We are running an e-commerce web site on Ruby on Rails and for the processing of Credit Cards we use the ActiveMerchant plugin to interface to our PayPal Website Payments Pro account using our API credentials.
As part of the checkout process we first call the authorize function on our gateway object and then, after some further checks, we perform the capture part.
We have lately been experiencing a bug where an amount gets reserved twice on a customer's account: one charge being only the authorization and the second being the final purchase. So to the client it looks like we are billing him twice (once for authorization, once for final purchase) while we are actually receiving the money only once and the "second charge" on his account is simply an authorization that we don't clear for some reason. (This seems to happen particularly when PayPal FMF rejects our transaction and we re-process.)

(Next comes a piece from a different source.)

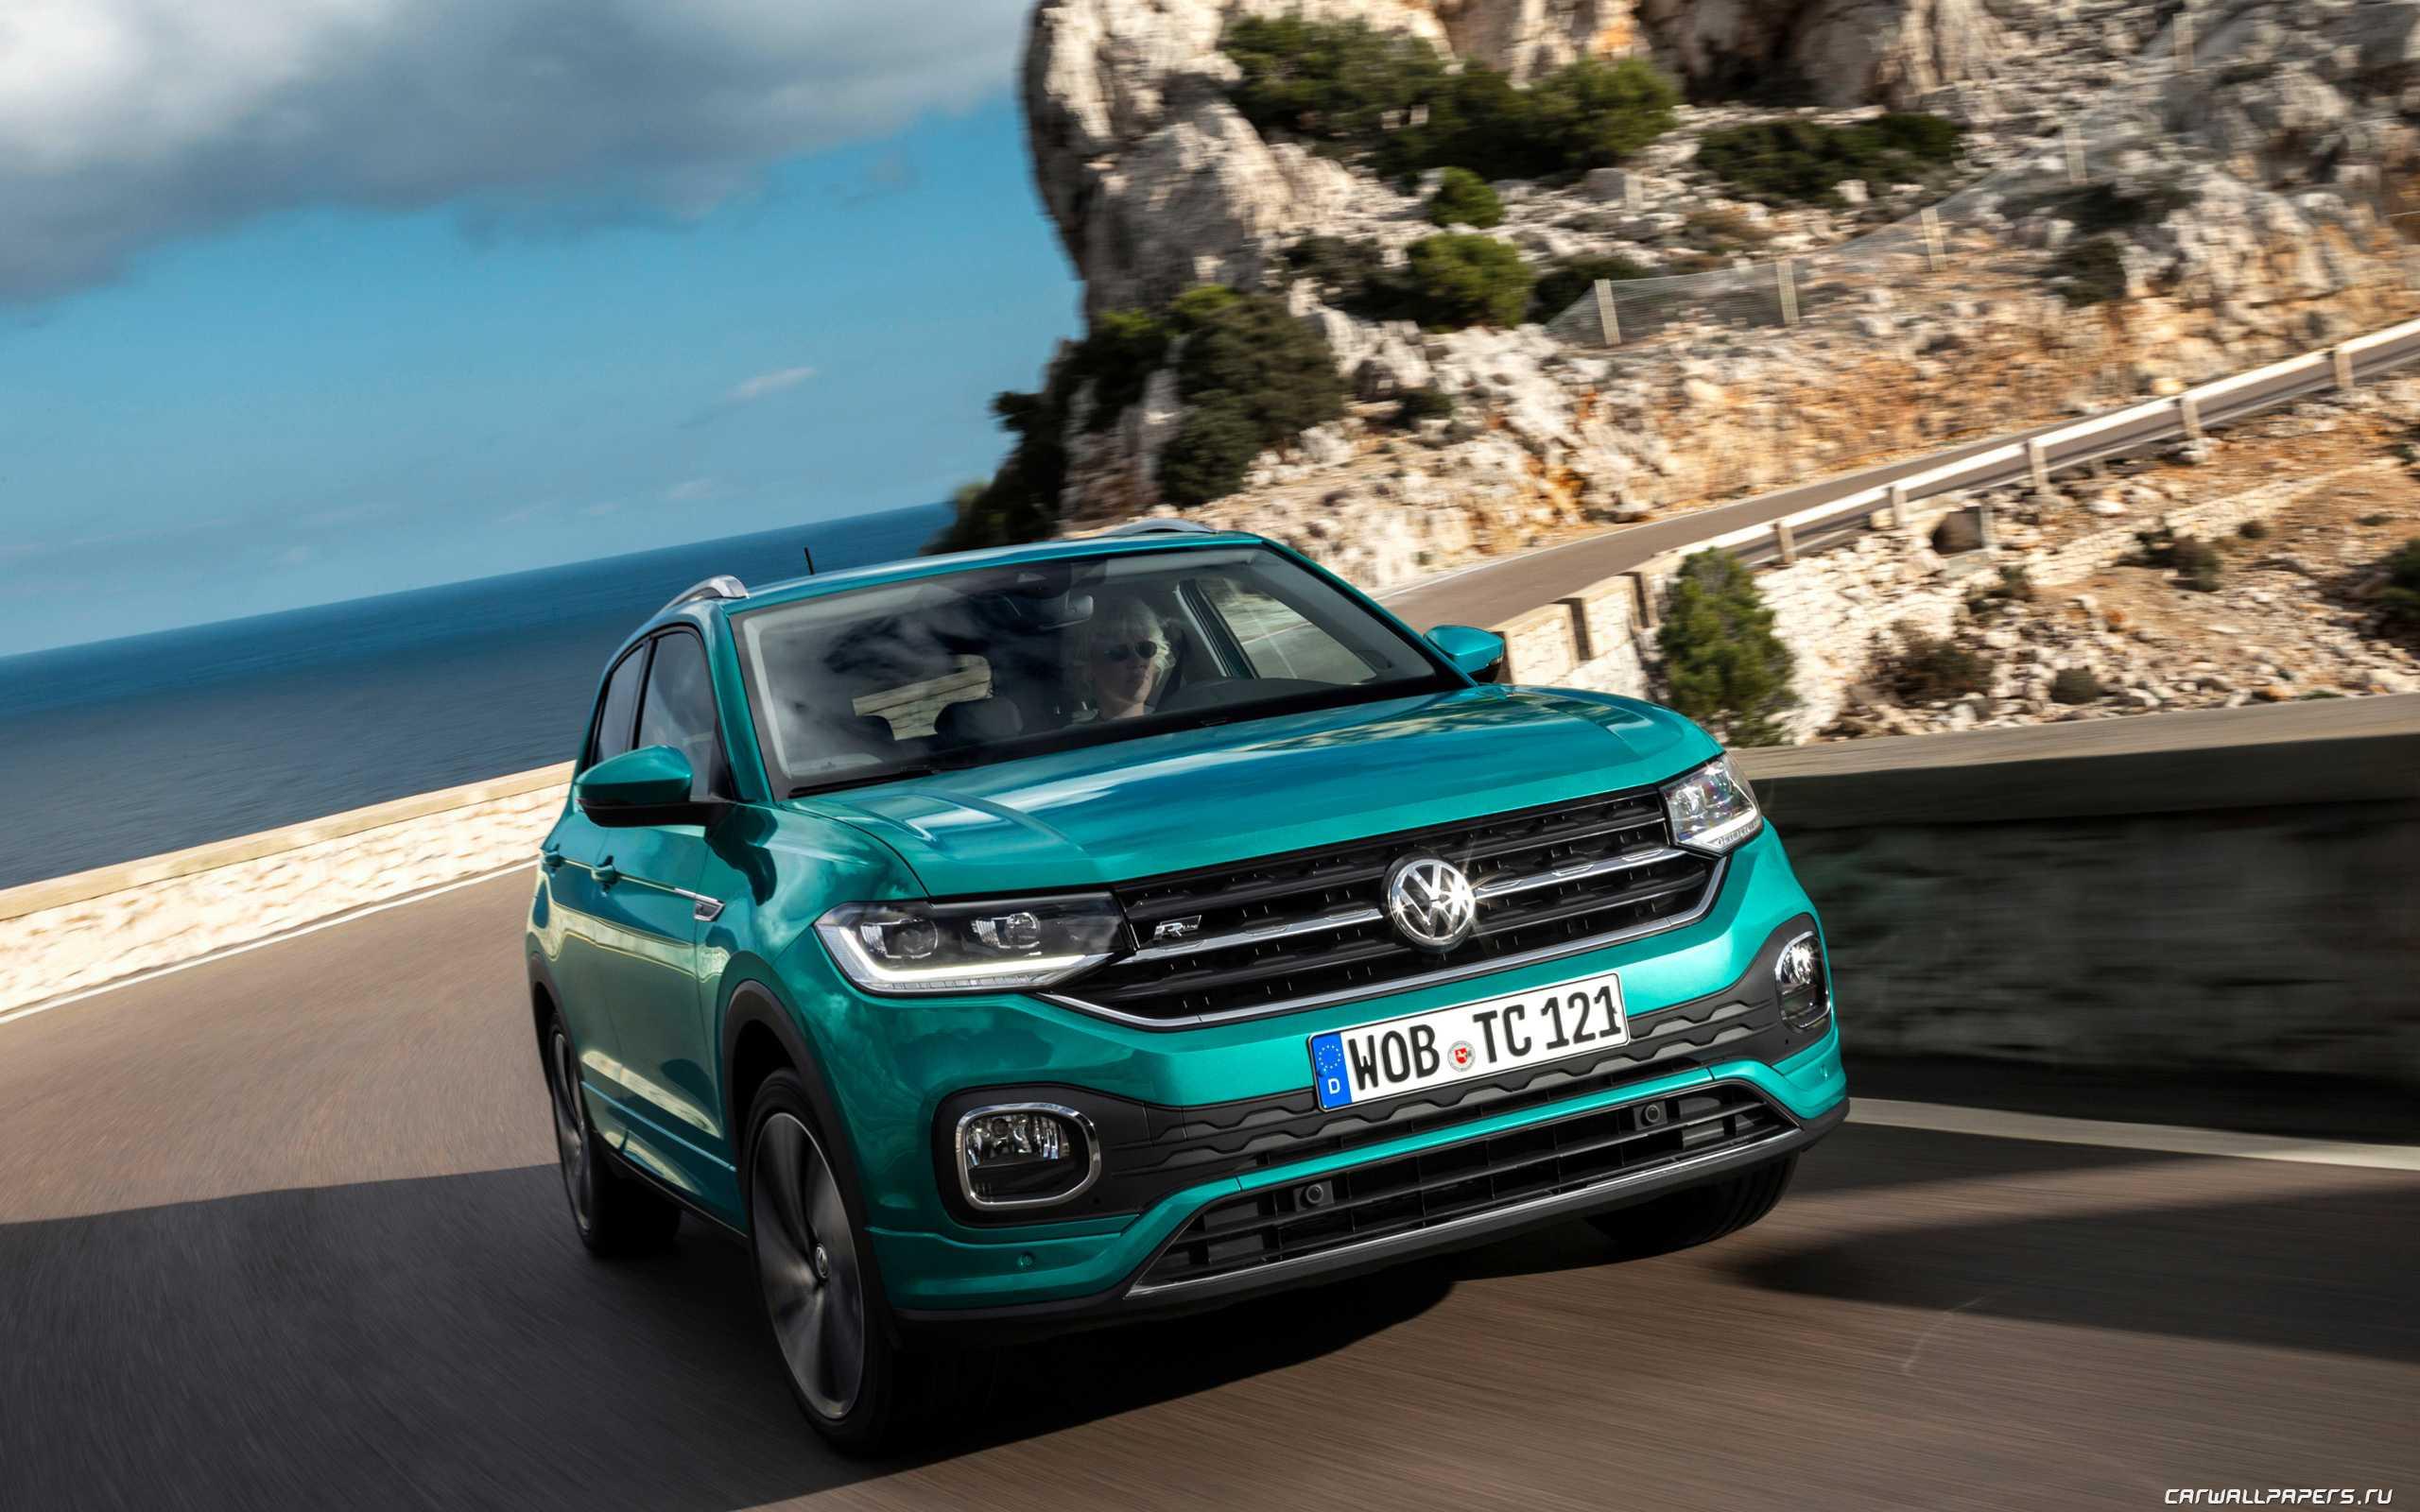 Volkswagen t-roc 2019-2020 цена, технические характеристики, фото, видео тест-драйв

I am trying to troubleshoot this by creating PayPal Sandbox Accounts for Buyer and for Seller. I am running through the code line by line via Rails Console and simulating different conditions to try and replicate the error. However, my successful Credit Card transactions only appear in my "seller"/"merchant" account and not in the "buyer" account on the PayPal Sandbox so I cannot see what the effect of my code sequence is having on a customer's card. This post seems to indicate that that is just the way things are and that it is indeed not possible to test the effect on Buyer Credit Card side. This post suggests using PayPal Express Checkout but that is not what we need on our site as we're specifically looking at Credit Card transactions here that are integrated to our site.
How can I test the effect of my code on a client's Credit Card? Is there perhaps something I missed in PayPal or is there maybe some mode/log/monitor in ActiveMerchant that I can use to see this? I need to find the line of code that is causing us to authorize twice.
If the initial transaction is being rejected by FMF, and then you reattempt another transaction this would cause a second hold on the buyers card as this would be a completely different transaction attempt. The bank may have approved the first transaction, but then the FMF filters declined it based on your settings. As far as the bank is concerned, it is still a valid charge that was approved. So when you run your second attempt, this will cause a second hold on the card for the same amount but for a different transaction.